Demikian dikatakan Sekretaris Persatuan Ahli Kecantikan dan Pengusaha Salon Tiara Kusuma Propinsi Bali, Ni Nyoman Rinadi, Senin (19/2) kemarin.
Persyaratan kosmetik dan perawatan kulit yang aman yaitu, tidak terlepas dari faktor lingkungan, faktor manusia dan faktor kosmetik itu sendiri. Memilih kosmetik hendaknya sesuai dengan keadaan dan daerah. Di negara tropis tentunya kurang cocok menggunakan kosmetik yang berpemutih atau banyak mengandung minyak. Jenis produk ini lebih cocok bagi mereka yang berada di wilayah subtropis seperti Eropa.

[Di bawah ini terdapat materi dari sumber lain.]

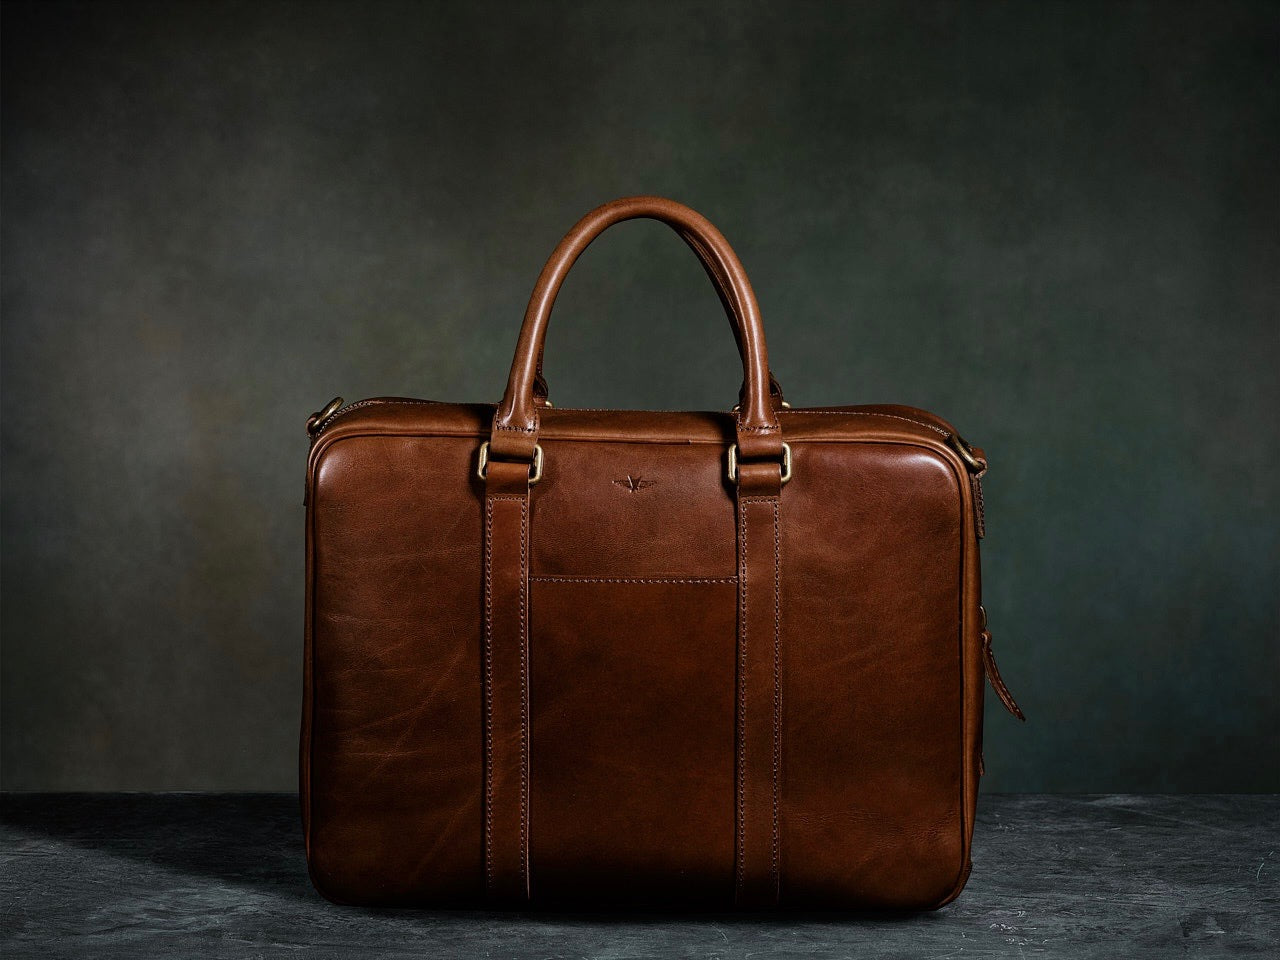 Maxwell Scott Bags - Tan Quality Italian Leather Overnight Bag
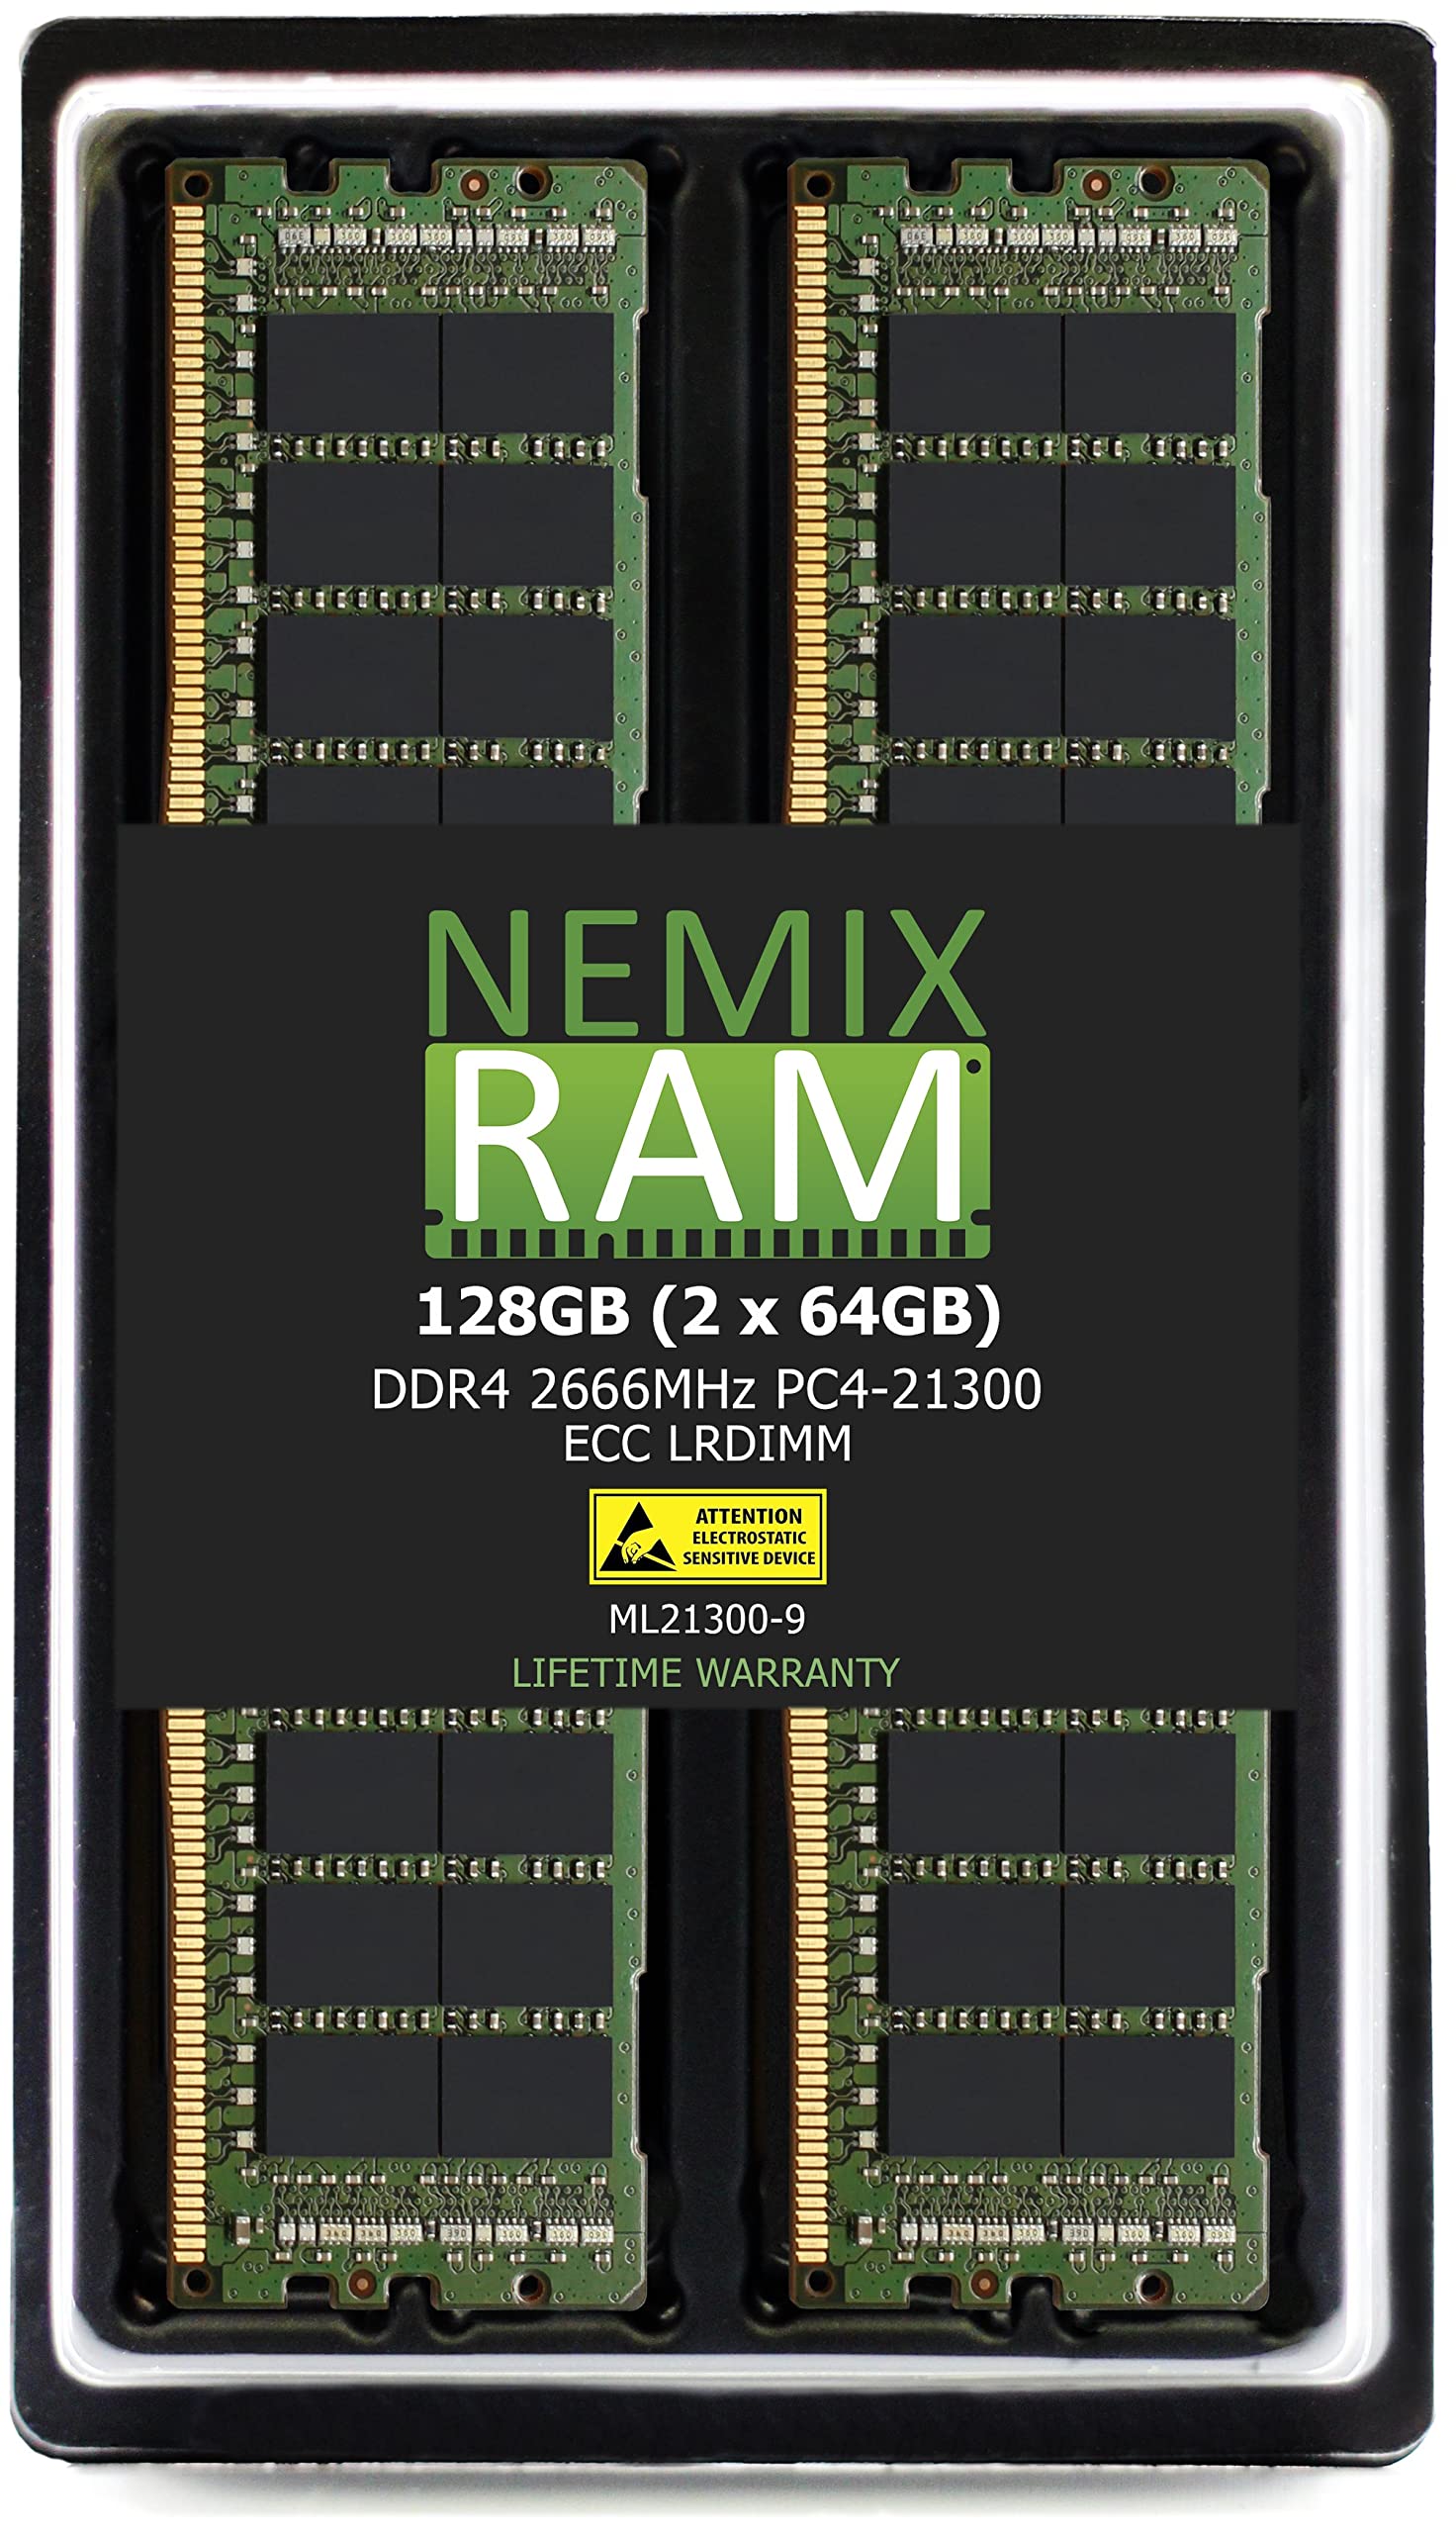 128GB 2x64GB DDR4-2666 LRDIMM 4Rx4 Memory for ASUS KNPA-U16 AMD EPYC 7000 Series by Nemix Ram

Sebagai konsumen harus pandai memilih kosmetik sesuai dengan jenis dan kebutuhan kulit. “Jangan mengharapkan kulit putih seperti orang Barat dan jangan memilih pemutih instan yang kelak berefek negatif. Misalnya, kulit menjadi merah-merah karena teriritasi, atau bahkan kulit seperti terbakar. Pilihkan kosmetik yang menjaga kecantikan sepanjang masa atau long life beauty,” paparnya.
Bukan kabar baru lagi, jika akhir-akhir ini marak dipasarkan kosmetik pemutih. Namun dalam memilihnya harus hati-hati, karena masih ada pemutih yang mengandung bahan berbahaya, seperti merkuri dan hidroquinon dalam dosis berlebihan.
Pemakaian hidroquinon berlebih dapat menyebabkan kulit iritasi, dan jika dihentikan kulit akan seperti semula, bahkan bisa lebih buruk. Lebih bahaya lagi merkuri. Logam yang sebenarnya sudah dilarang itu memang menjadikan kulit tampak putih mulus, tetapi lama-kelamaan akan mengendap di bawah kulit. Setelah bertahun-tahun kulit akan biru kehitaman, bahkan dapat memicu timbulnya kanker. Kadar zat pemutih hidroquinon untuk kosmetik hanya diperbolehkan dua persen, lebih dari itu harus diperlakukan sebagai obat.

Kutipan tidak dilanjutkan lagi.